Long after he made the decision to stop working freelance, Guy was living in Los Angeles California as a stockbroker after getting his GED and an Associates Degree in Macroeconomics. The year was 1992 and he wanted to make sure his children knew about investments, economic decisions, and moral decisions to be even more successful than he was. After converting to Judaism through a 10 year process, he finally obtained a certification of gratitude from Rabbi Shayshim Ezekiel in Jerusalem to marry Stacy. When he had kids, he taught them fundamental values.
“I taught my kids basic stuff like have a job, graduate, don’t have kids.” Guy continued, Anybody who is poor in this country only needs to work for 10 years, have a GED or diploma, and not have a kid before you’re married to not be poor.

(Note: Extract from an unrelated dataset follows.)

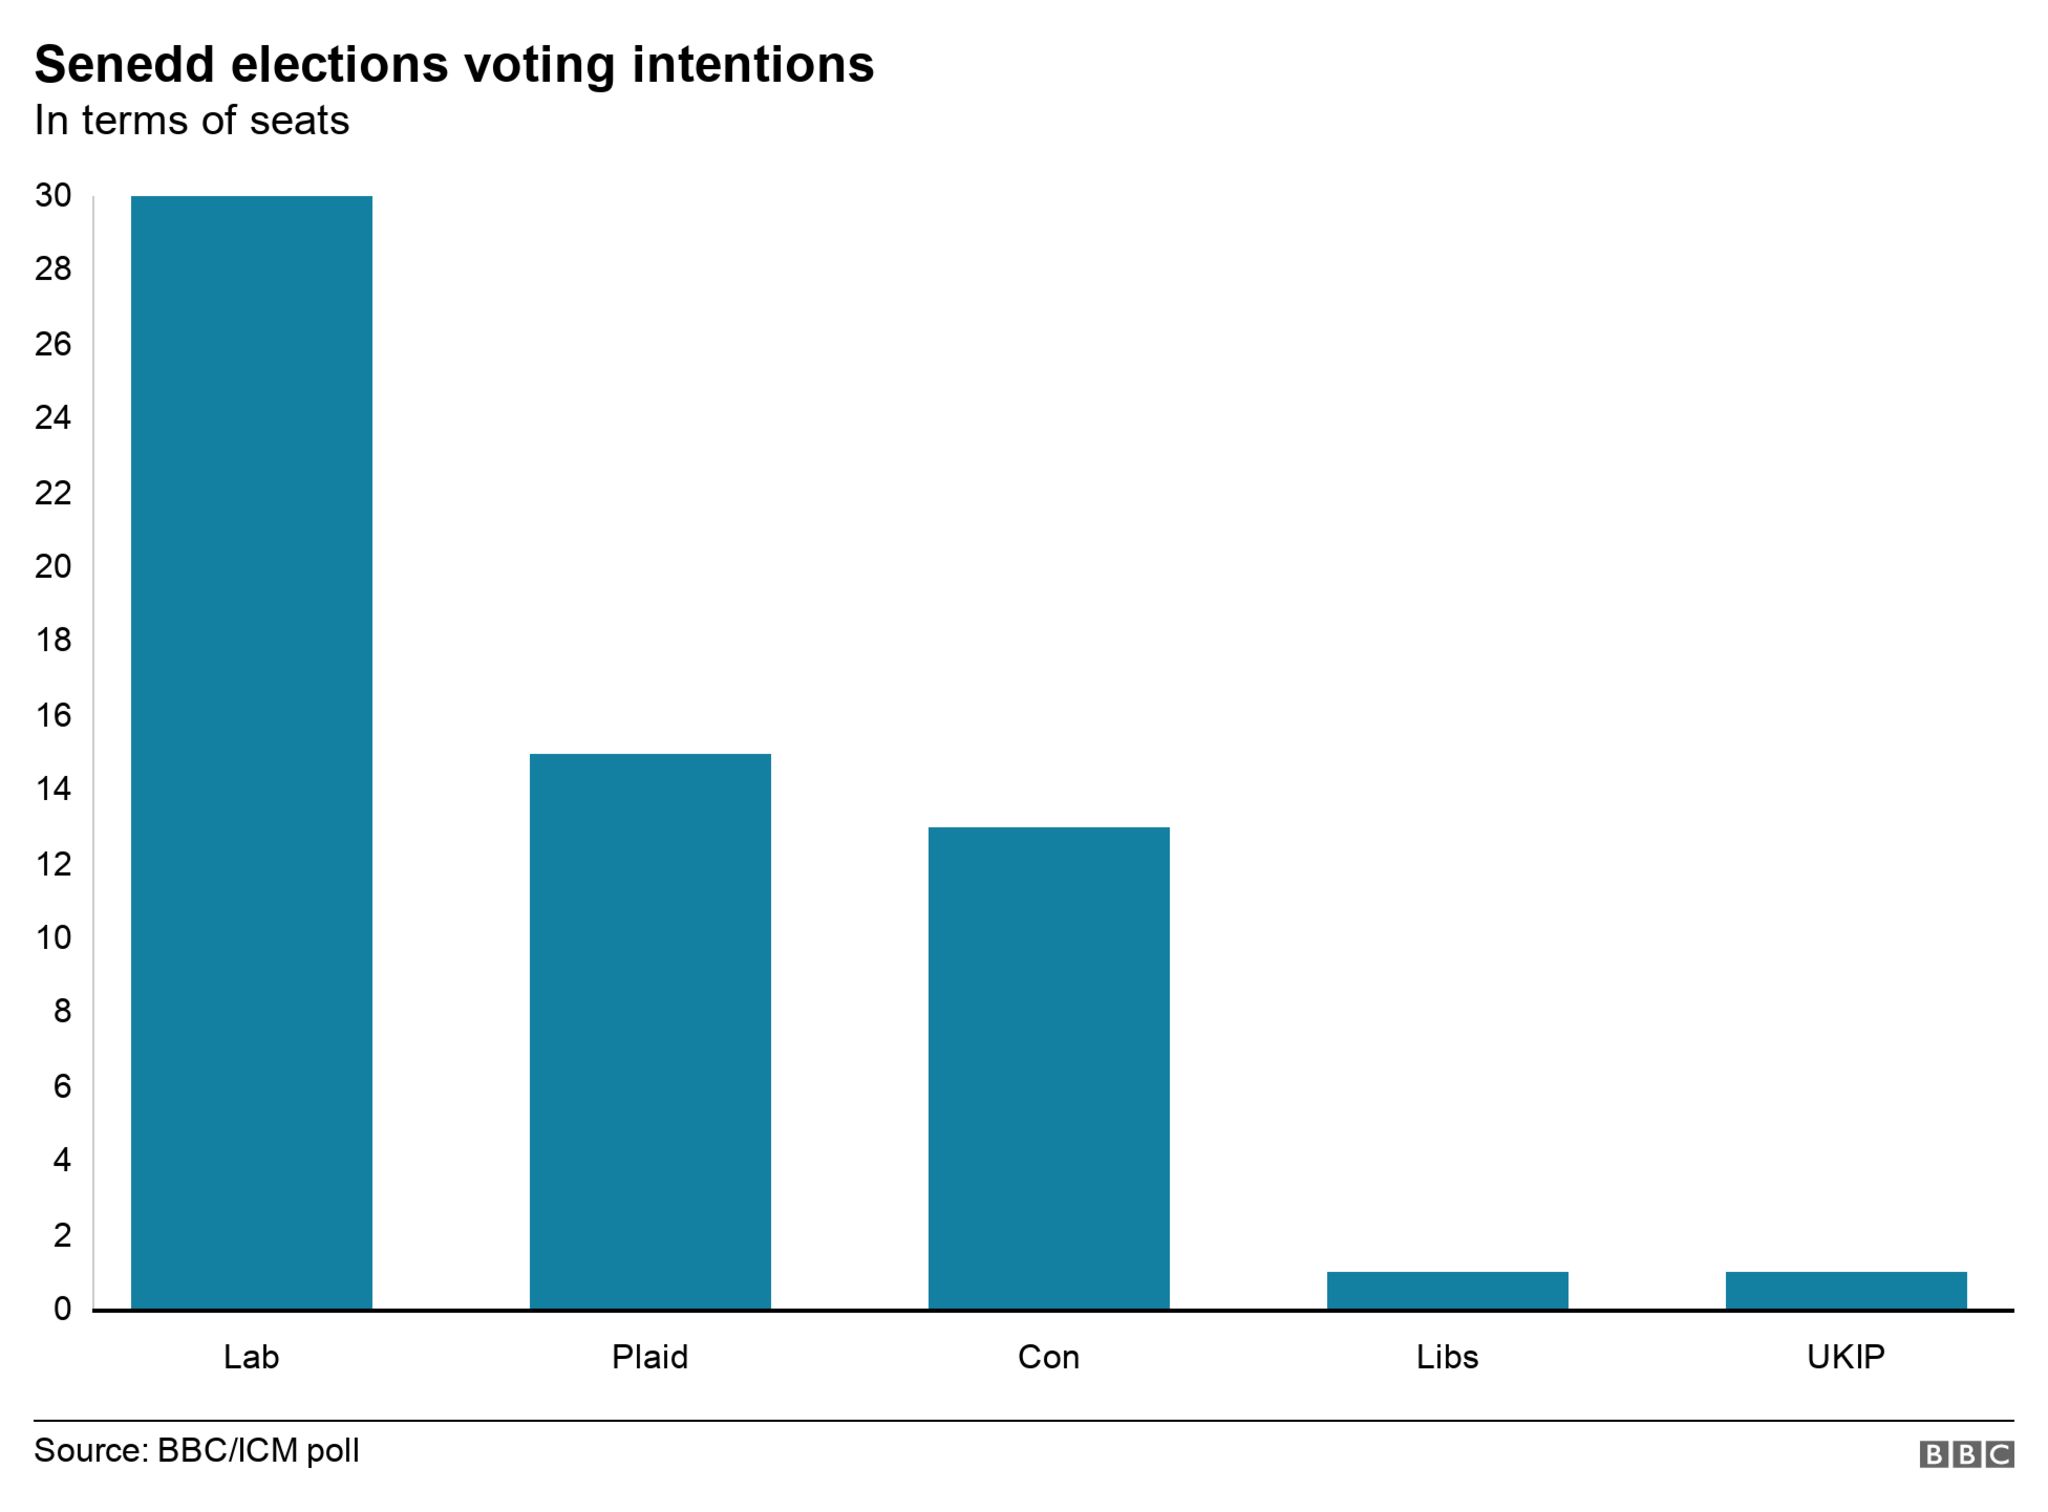 Graphic showing Senedd voting intentions

Me and my friend George set these values to be self evident when we were young, and look at where I am now, in a good spot.”
Guy’s example of self-success is widely known and documented in “Three Simple Rules Teens Should Follow to Join The Middle Class,” by the Brookings Institute. The study shows three things that should be done in order to not be poor: get any job, graduate high school, and have no children before marriage.
Guy’s story should not only be an example of self-determination, but should be also be a set of guidelines for success. The situation now is much better than it was for an immigrant in the 1970’s, and students, from any background, can be infinitely more successful than “some homeless guy from Russia when people actually try to accomplish their goals set for themselves.”